Why must studying history involve remembering a procession of dates, they are numbers and they all look the same and is it really important to remember that something happened on a certain date rather than what it happened before and after?
My daughter posted this comment on Facebook recently as she was studying for a history ‘interrogation’ on European History, in Italian. In the typical fashion of a visual learner, history as a subject at school is not her strong suit, she loves the stories but finds the details difficult.

It occurred to me that history is recalled in one of two (or perhaps more) ways. For some people the dates matter, they provide a structure to order things by. For others it is the sequence, not the actual dates, which matters. These people are the storytellers. Time may be a fluid concept for them but the details of the stories are readily remembered, one leading to the next.

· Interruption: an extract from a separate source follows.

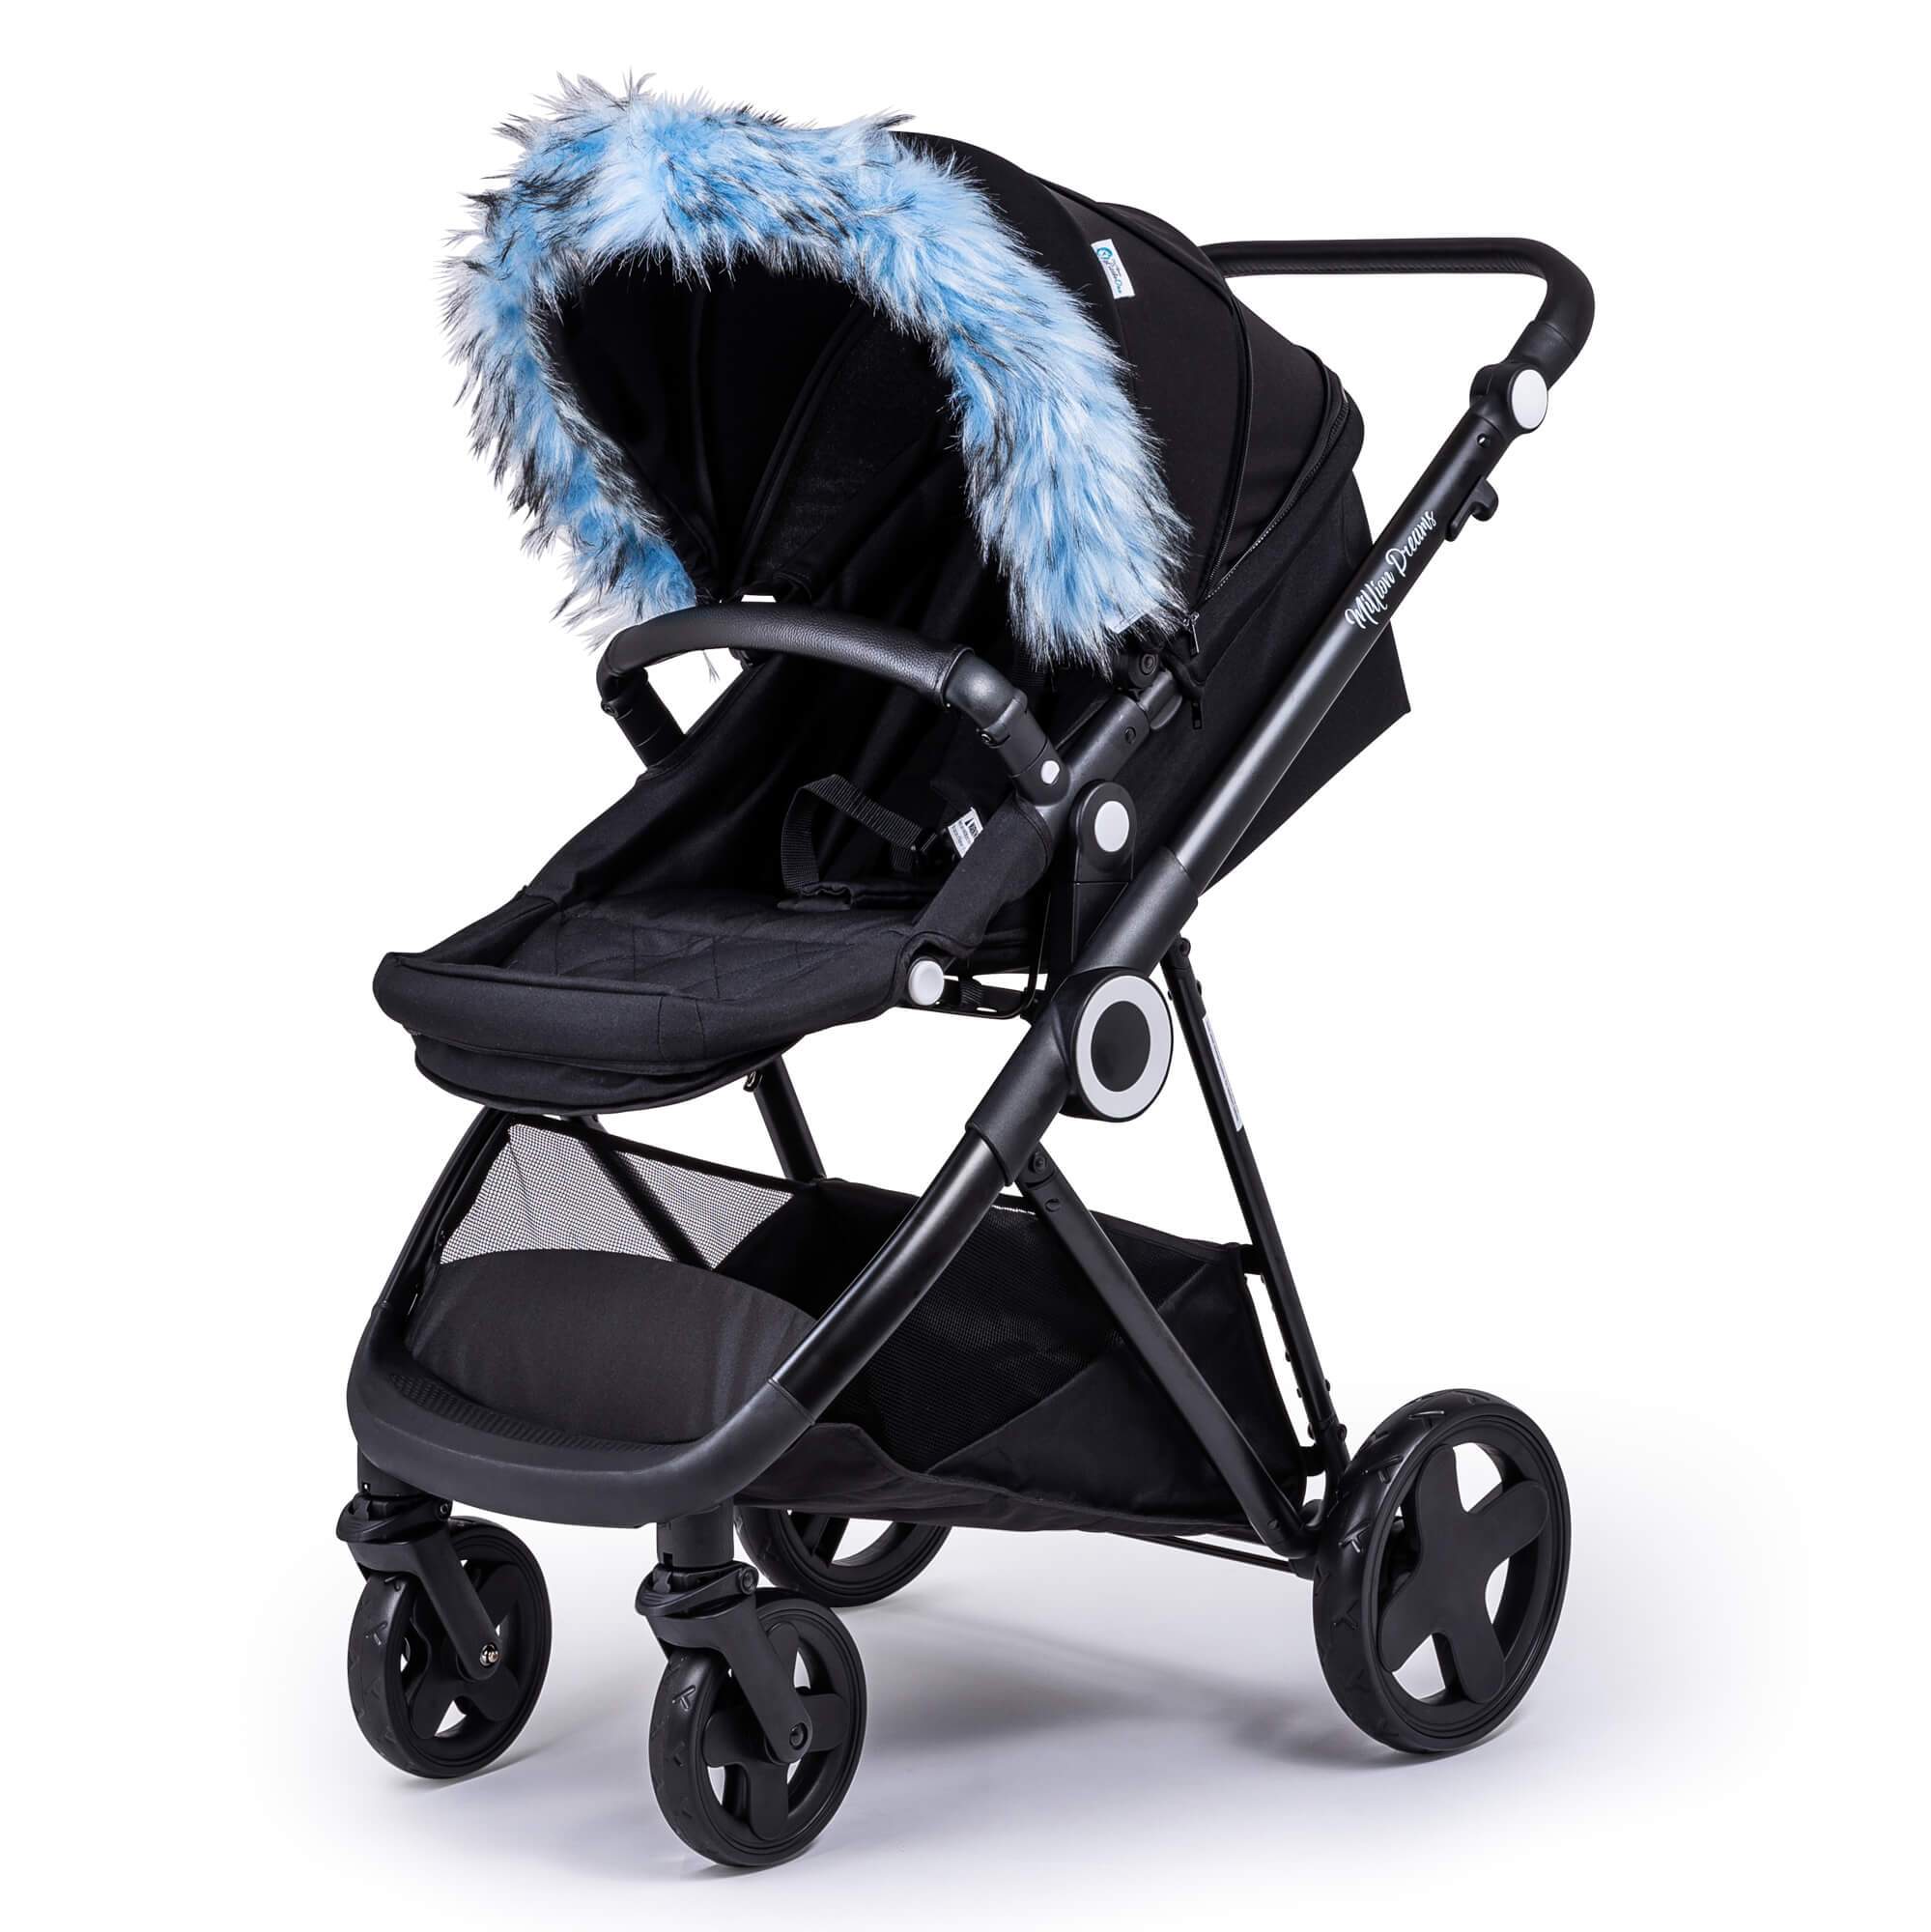 Pram Fur Hood Trim Attachment for Pushchair Compatible with Red Kite - Light Blue / Fits All Models | For Your Little One

For generations storytelling was the way that wisdom, life lessons and history was passed from one generation to the next. In some cultures this continues today. School based education tends to focus on the details; remembering the dates and being able to recall them often takes a higher priority (and value) than ‘the story’. Will the push to ‘educate’ children in indigenous cultures where storytelling and the traditional culture is strong make their life ‘better’? *

Storytelling also provides an avenue for linking events in ways other than a strictly time sequenced order, for seeing the bigger picture. At a time when information can be accessed almost instantly, my feeling is that seeing the bigger picture and drawing the details and messagge together may be of more value in the long term. Which come to think of it, is a theme which also pops up in Dan Pink’s A Whole New Mind: Why Right Brainers Will Rule the World.